───── Data to process

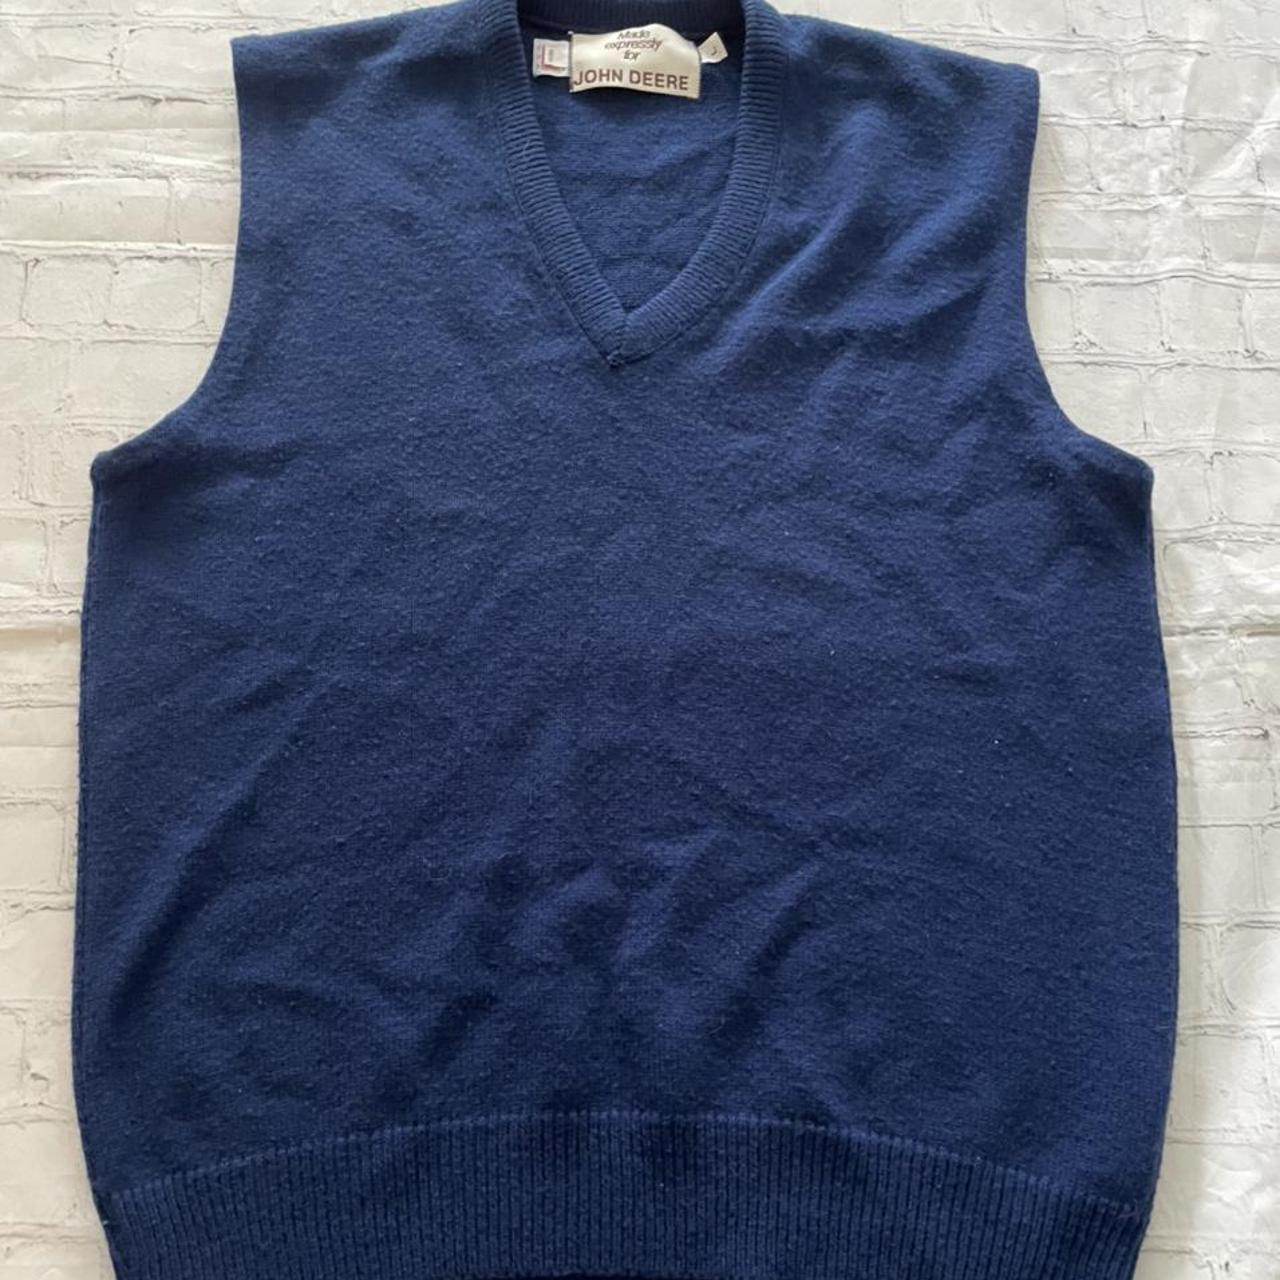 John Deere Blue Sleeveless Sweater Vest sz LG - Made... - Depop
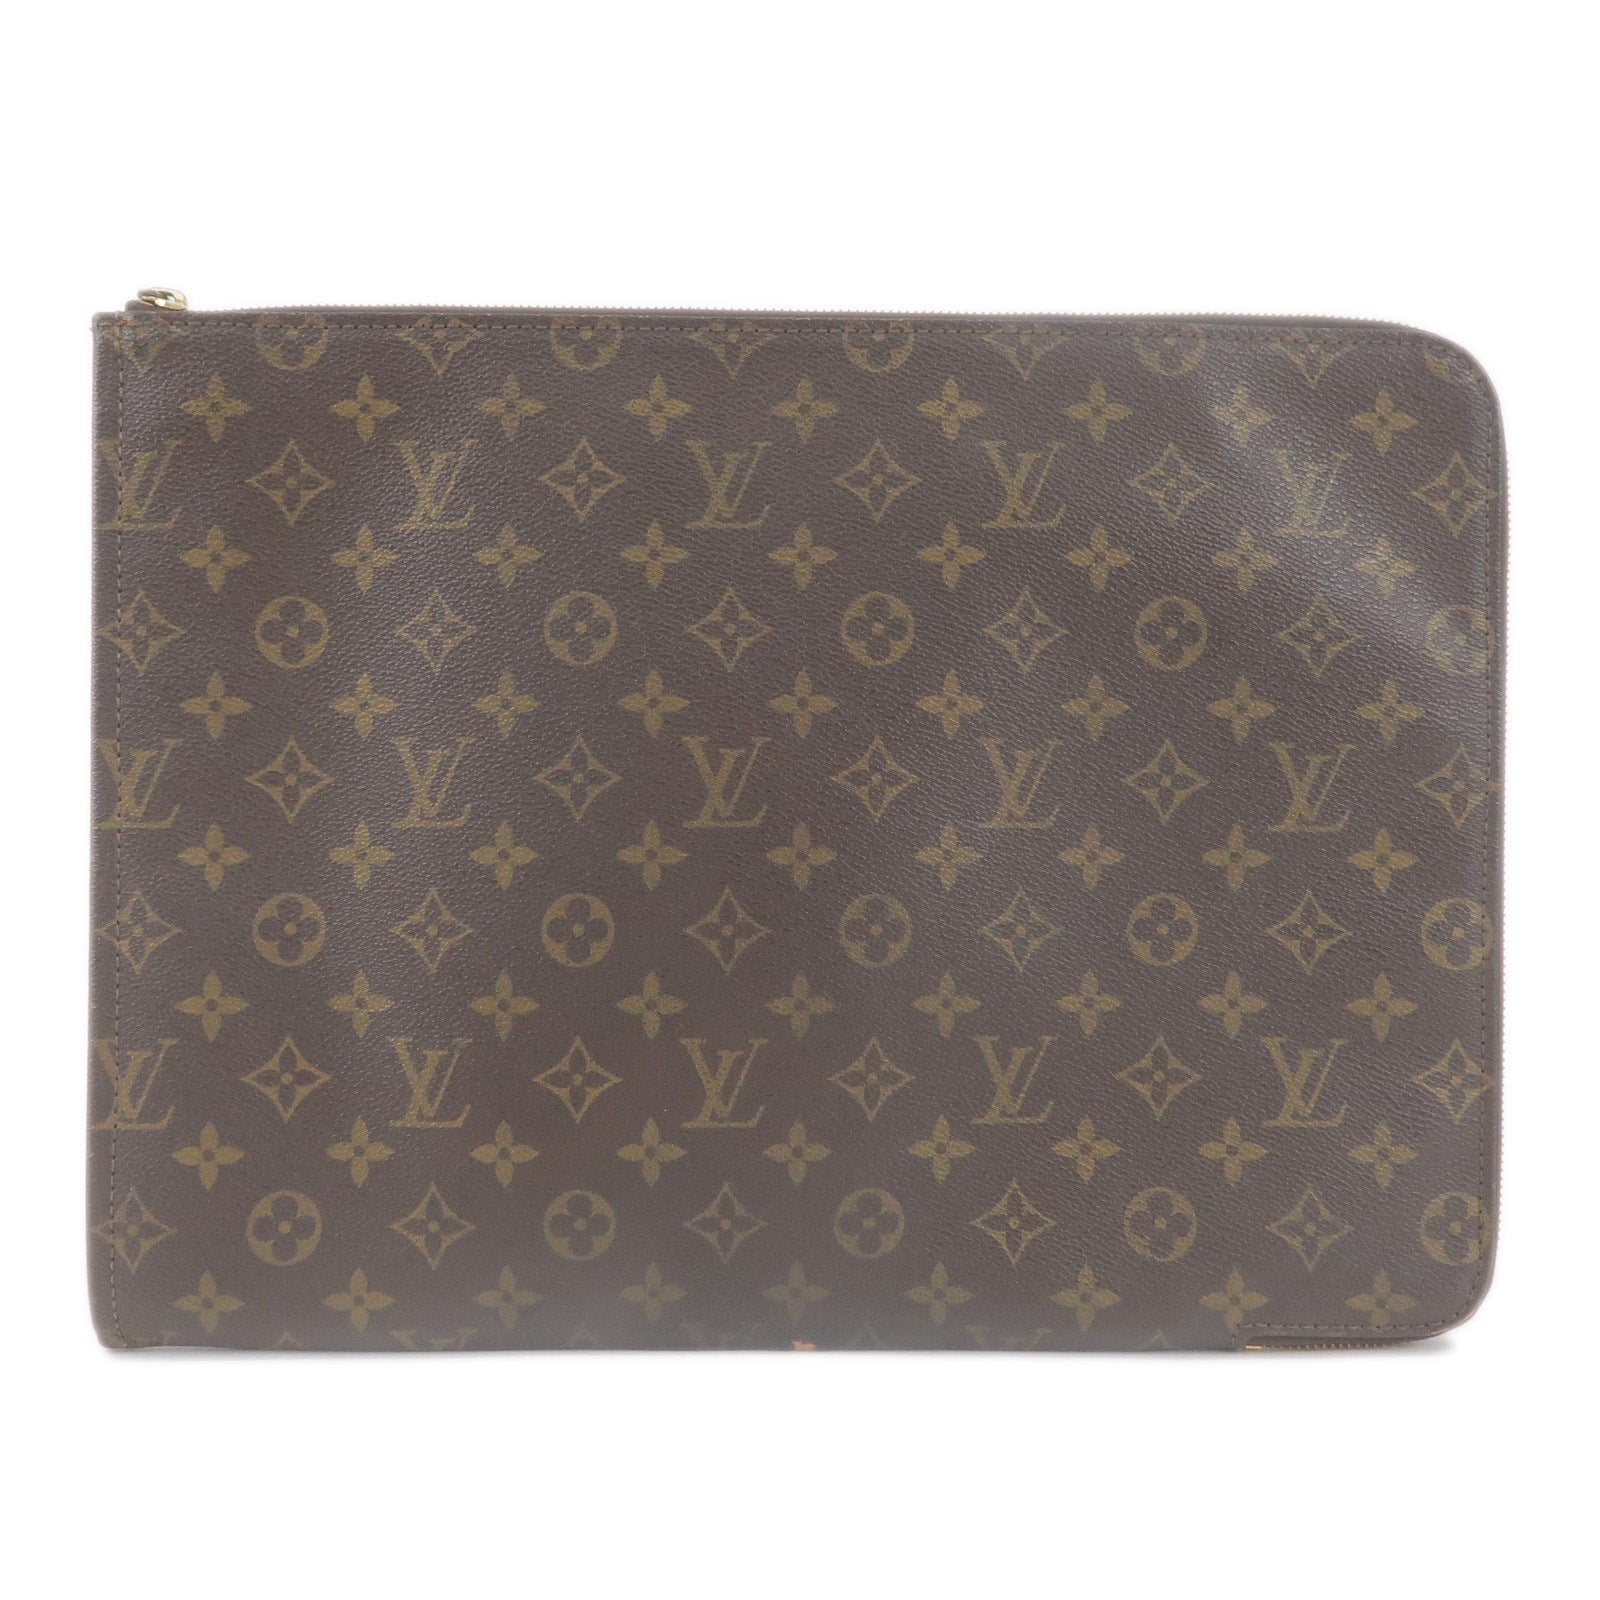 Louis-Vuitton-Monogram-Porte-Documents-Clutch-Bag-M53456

──────────
───── Data to process

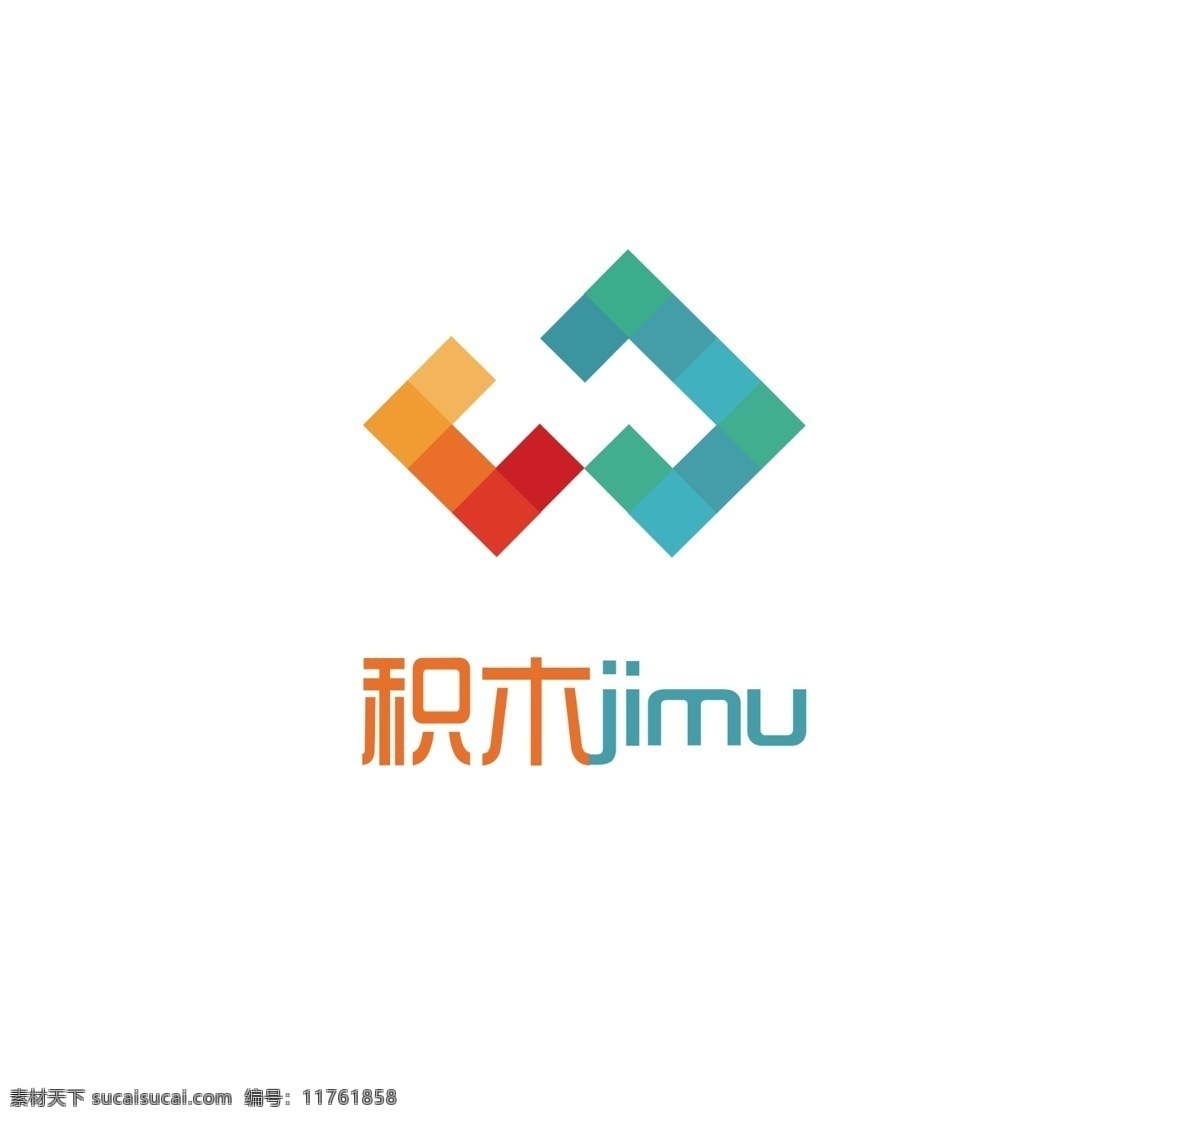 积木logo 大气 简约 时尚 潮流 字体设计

──────────
───── Data to process

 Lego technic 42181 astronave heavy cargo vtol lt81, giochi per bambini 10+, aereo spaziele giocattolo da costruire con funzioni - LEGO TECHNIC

──────────

• Work to complete: With the pictures left out, write out exactly the lines above from the one containing "John Deere Blue" through the one containing "Louis-Vuitton-Monogram-Porte-Documents-Clutch-Bag-M53456".

• Answer to this problem:
 John Deere Blue Sleeveless Sweater Vest sz LG - Made... - Depop
 Louis-Vuitton-Monogram-Porte-Documents-Clutch-Bag-M53456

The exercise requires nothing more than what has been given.